Data for the task: Begin

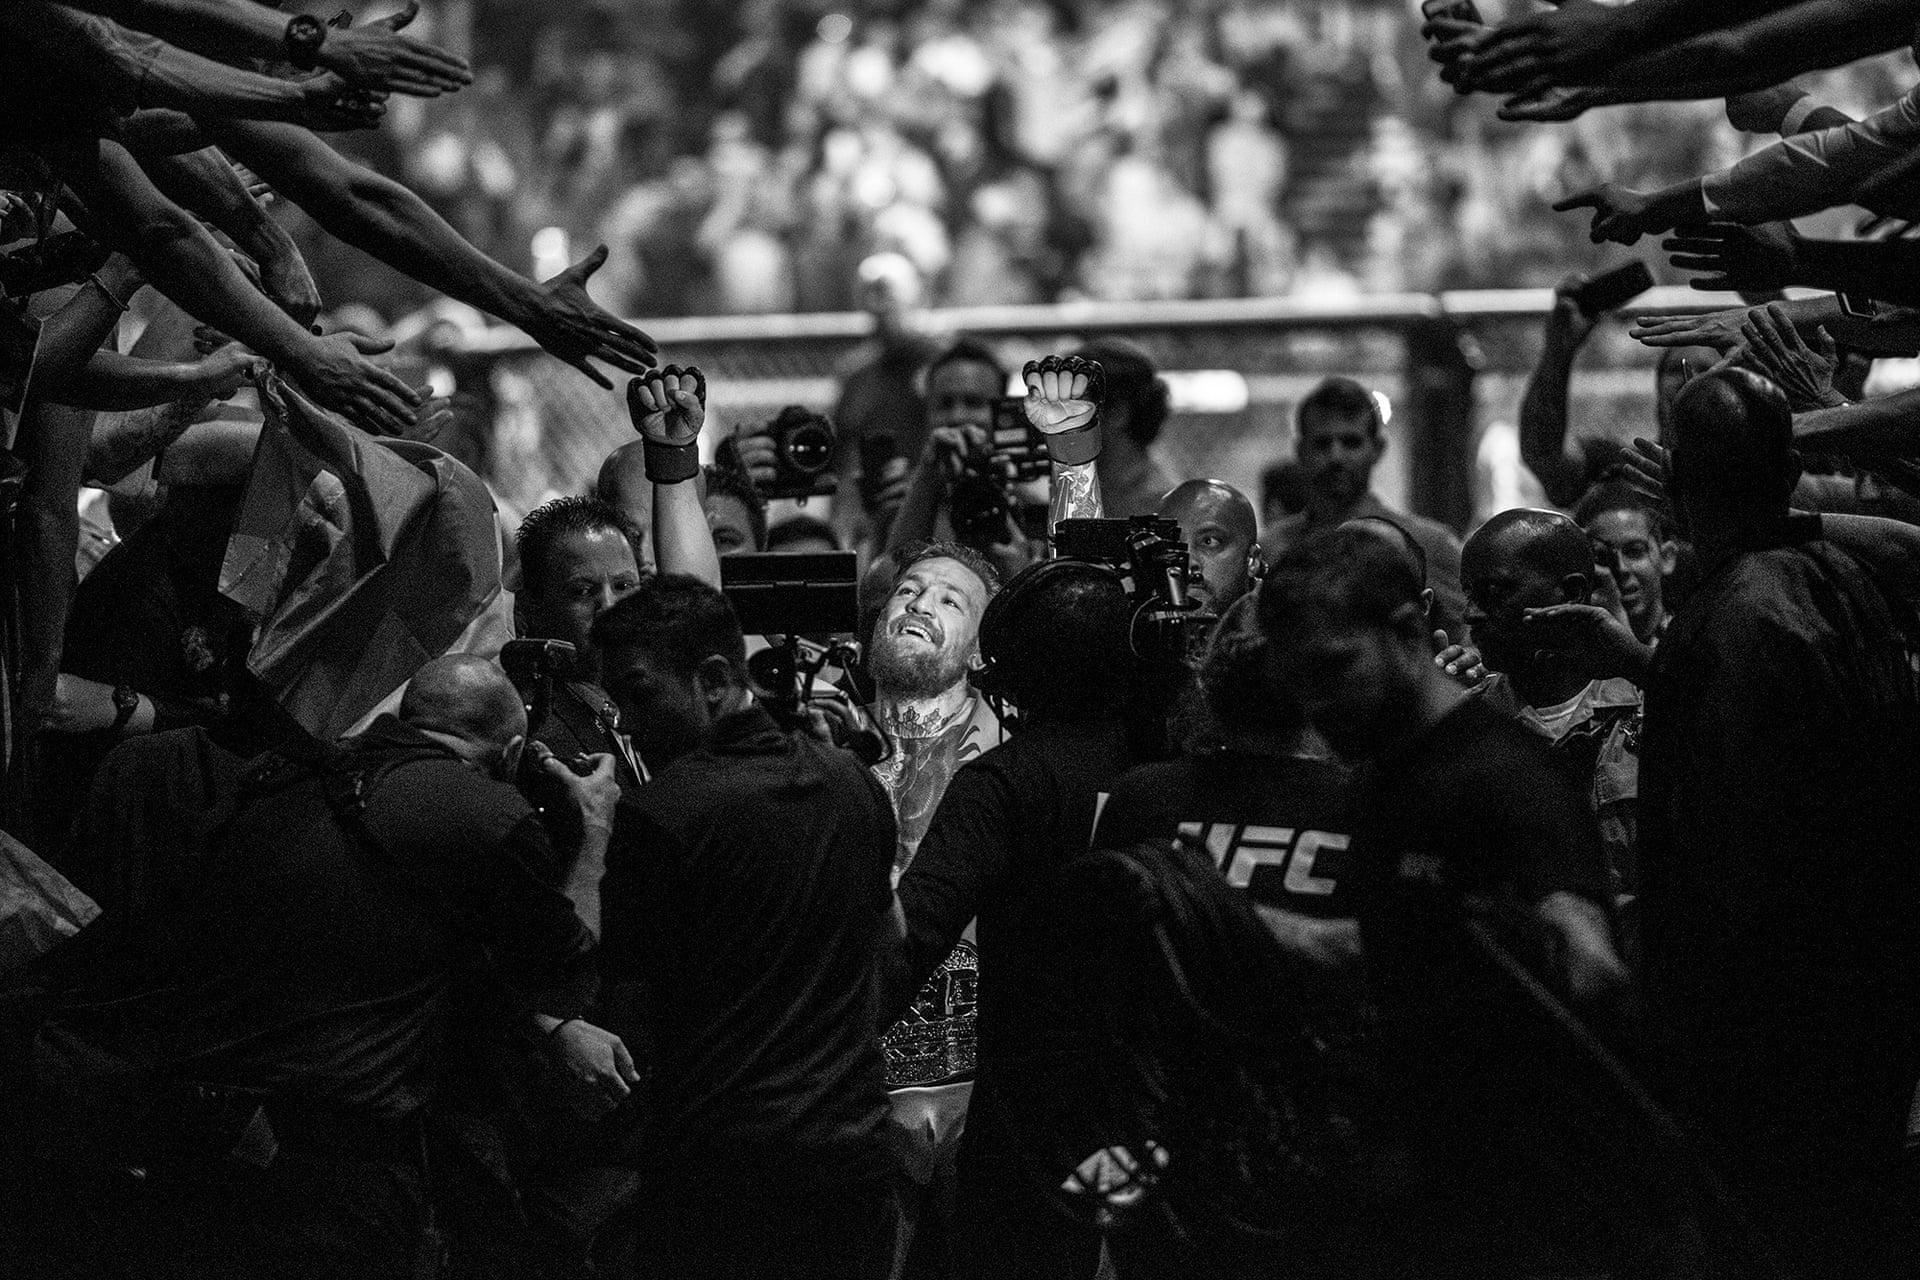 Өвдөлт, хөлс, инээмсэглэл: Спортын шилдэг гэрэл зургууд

Data for the task: End
Data for the task: Begin

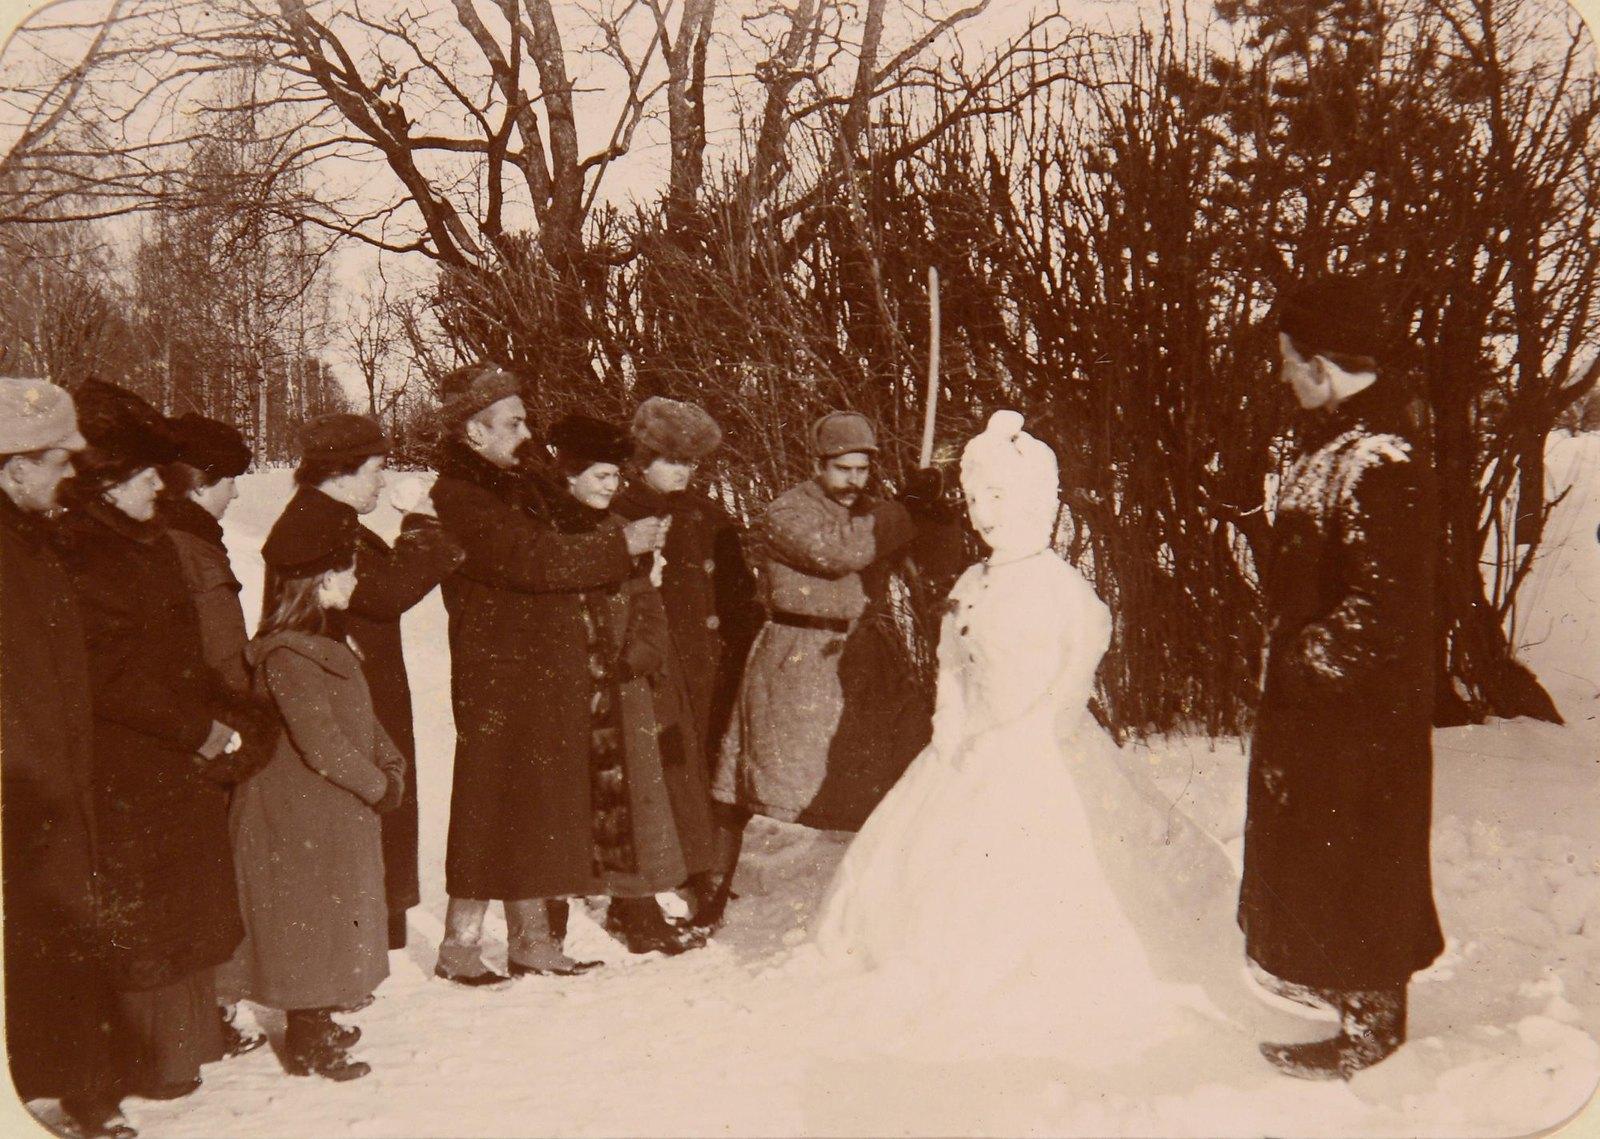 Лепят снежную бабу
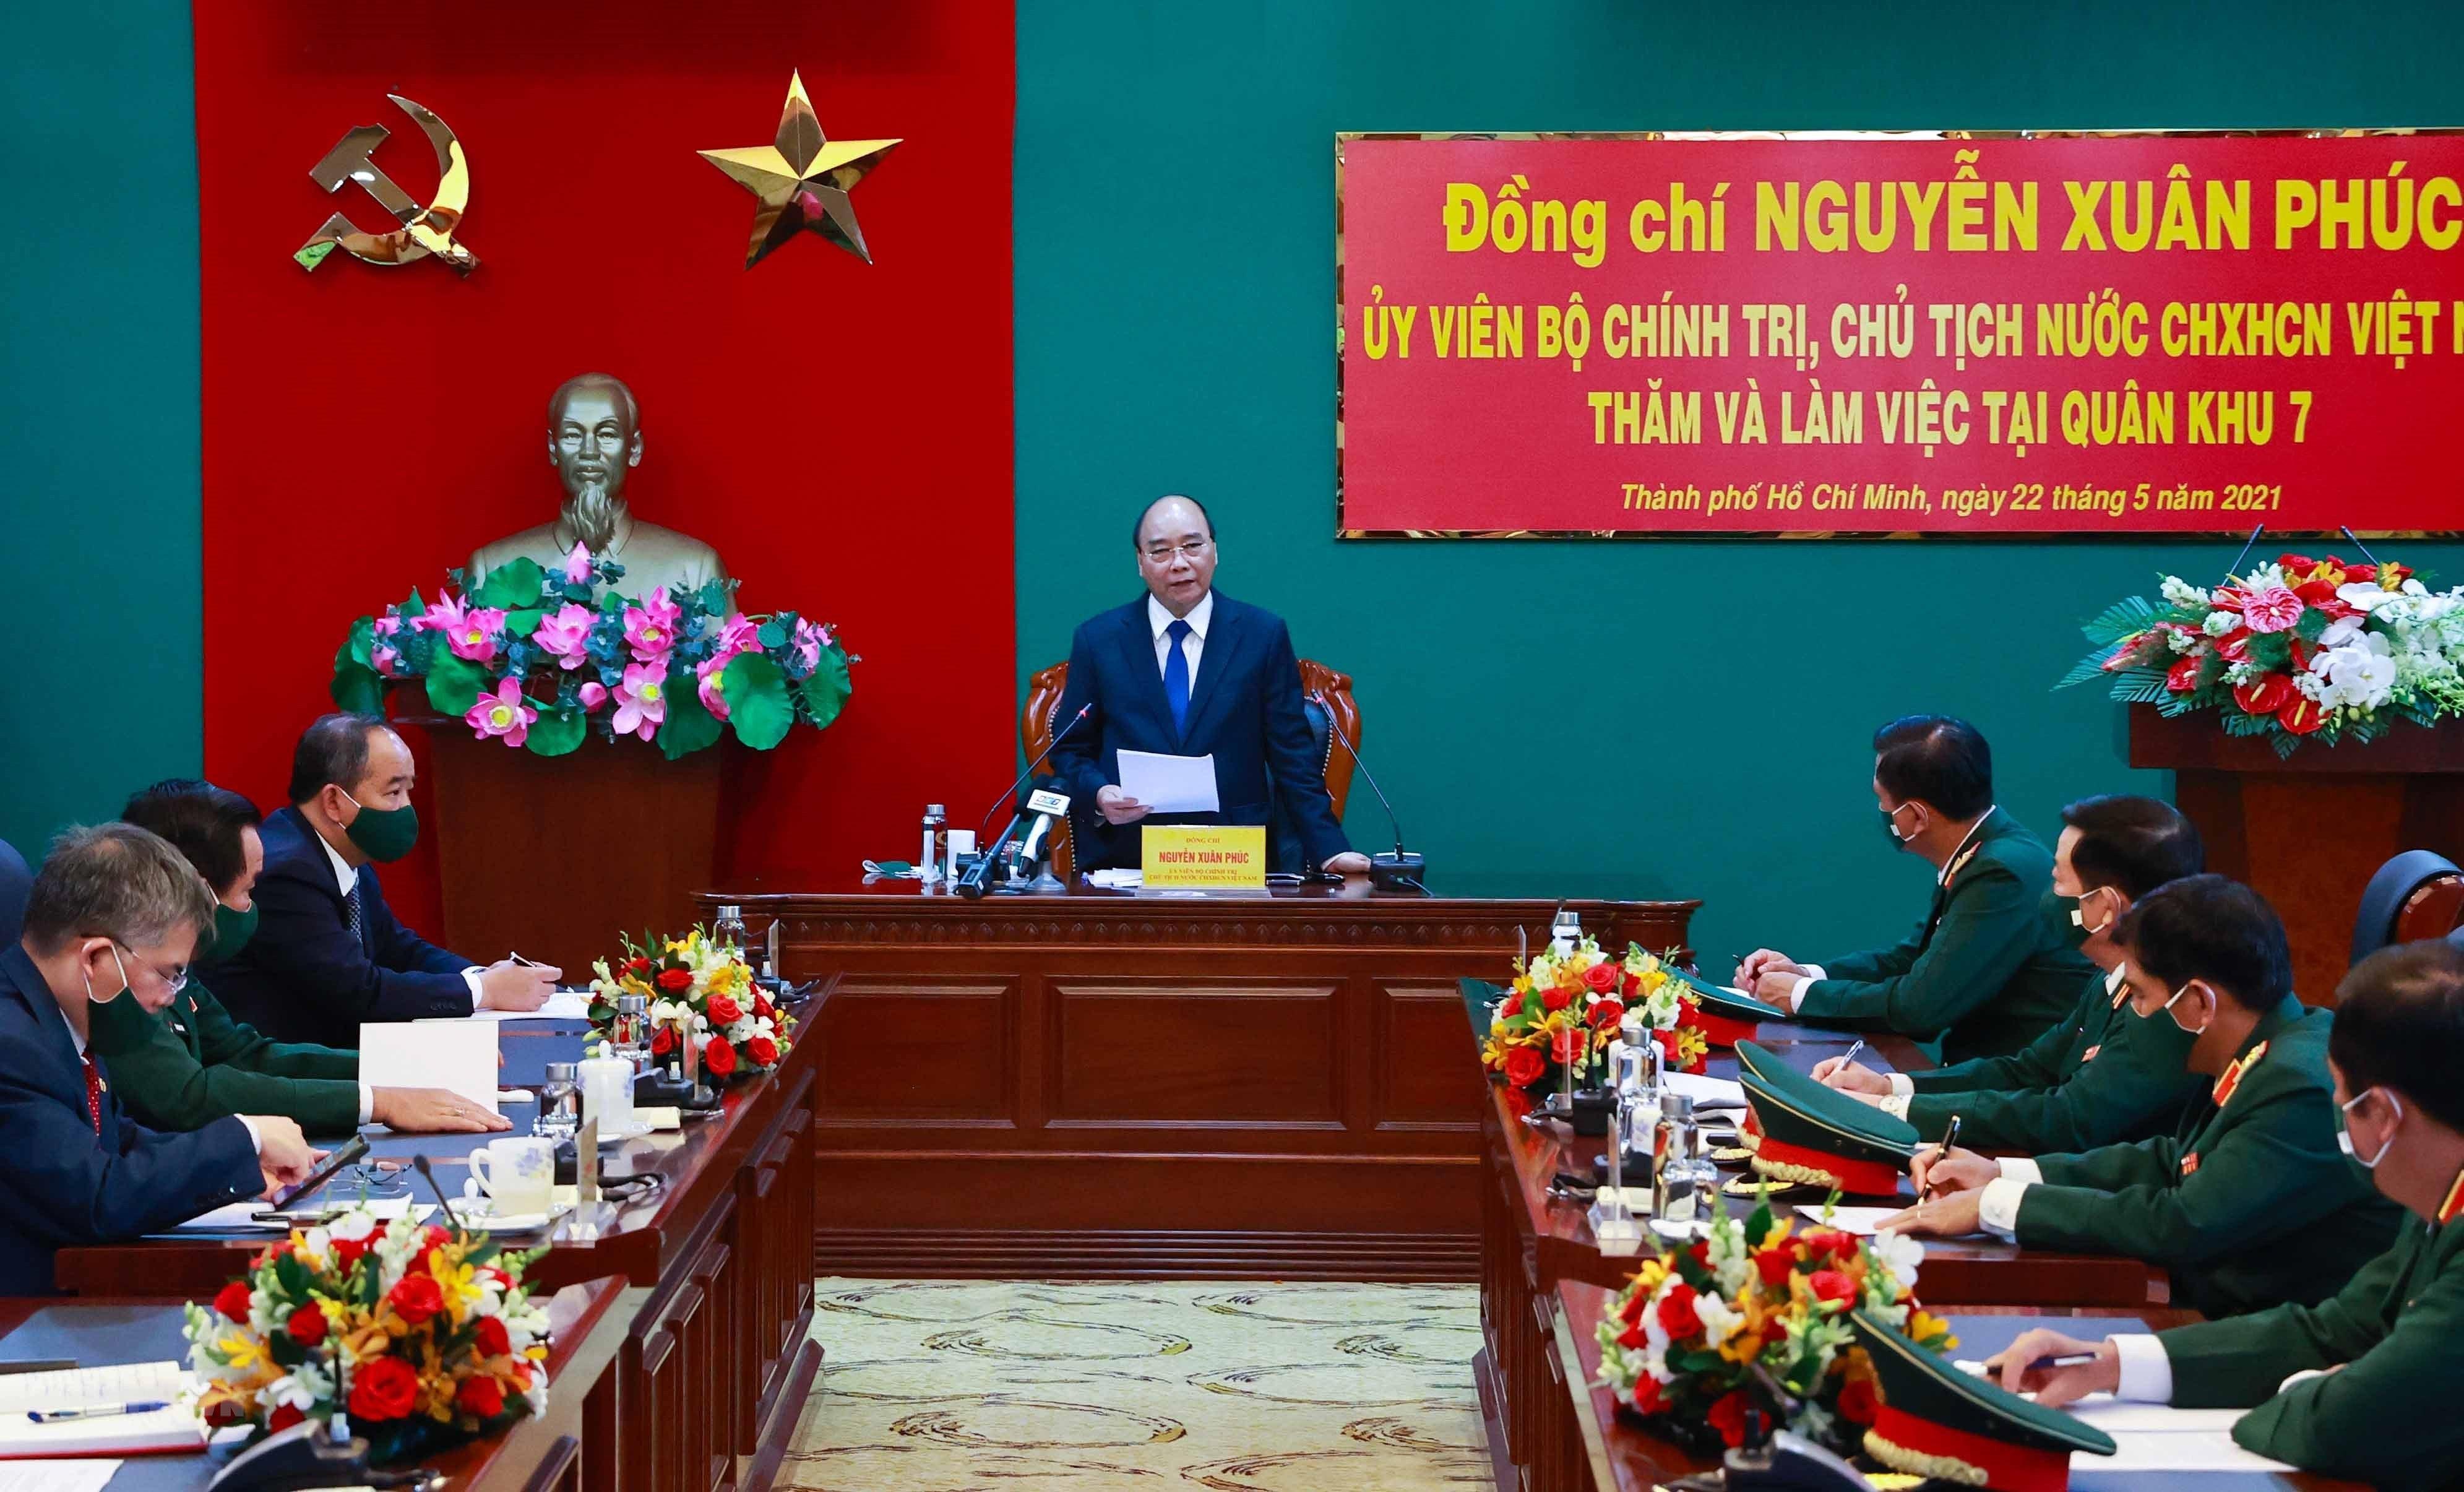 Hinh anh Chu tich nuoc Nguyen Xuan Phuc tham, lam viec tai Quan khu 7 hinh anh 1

Data for the task: End
Data for the task: Begin

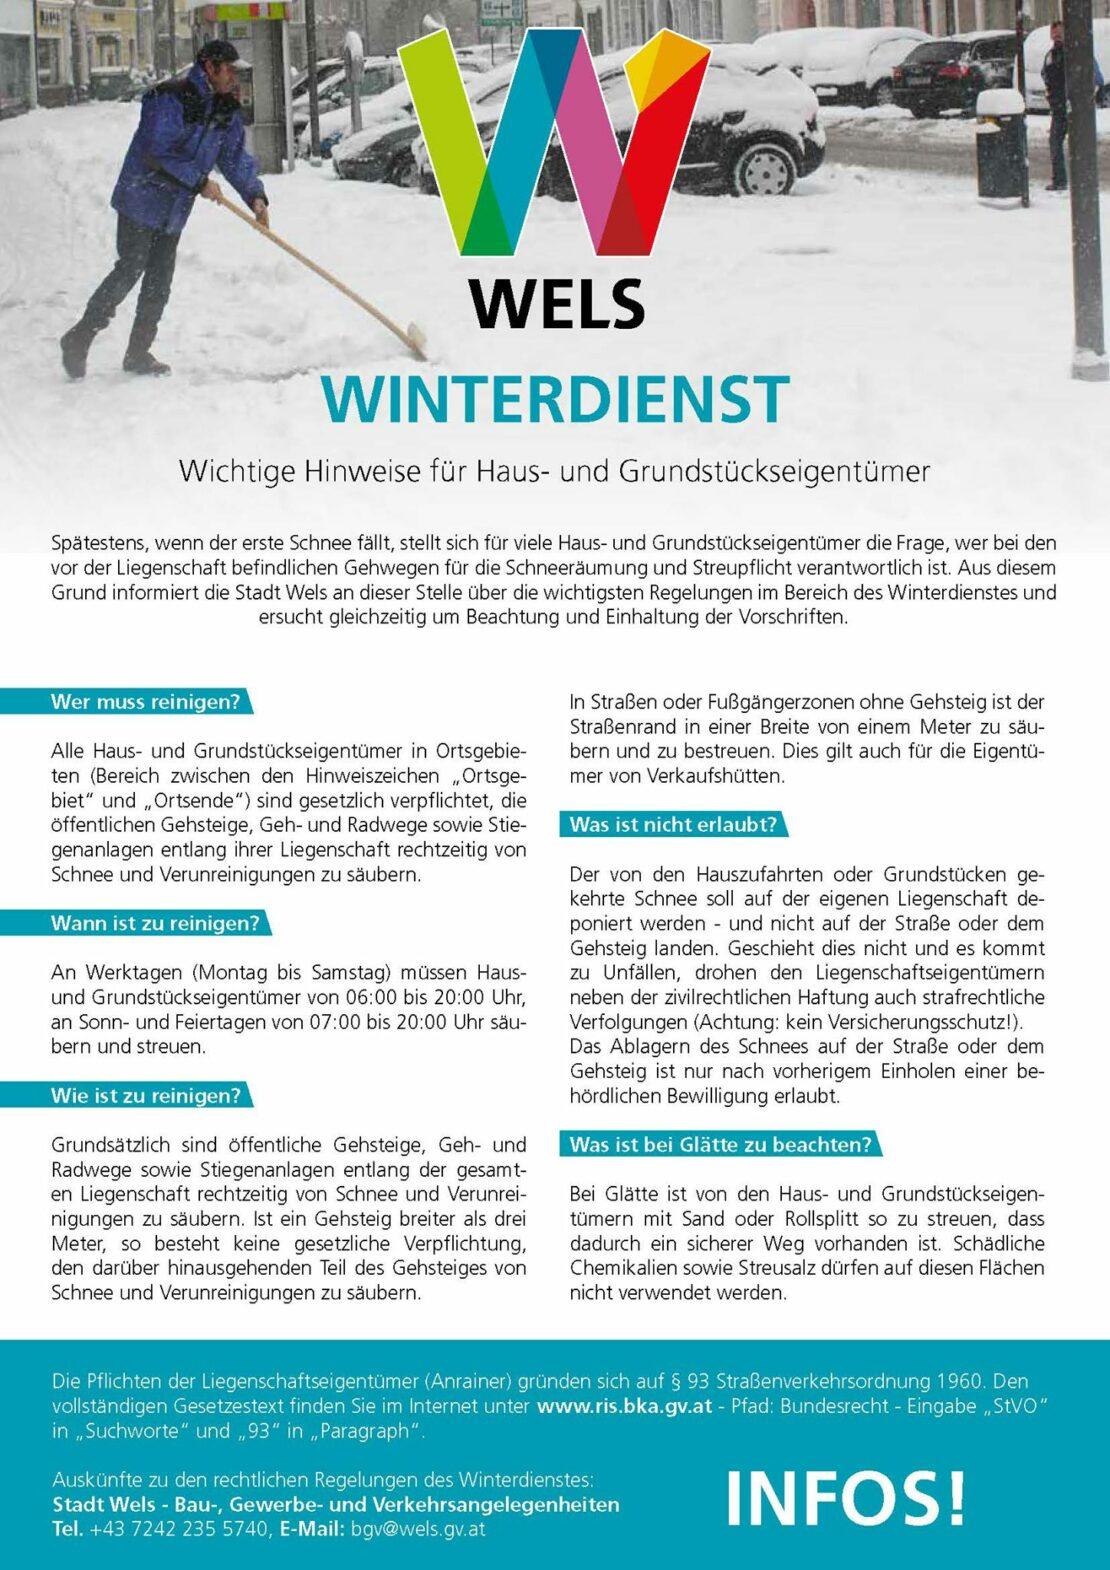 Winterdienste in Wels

Data for the task: End

▸ **What to do**
Copy word for word the lines of the records above from the one with "Лепят снежную бабу" up to and including the one with "Hinh anh Chu". Skip the pictures.

▸ **Exercise response**
 Лепят снежную бабу
 Hinh anh Chu tich nuoc Nguyen Xuan Phuc tham, lam viec tai Quan khu 7 hinh anh 1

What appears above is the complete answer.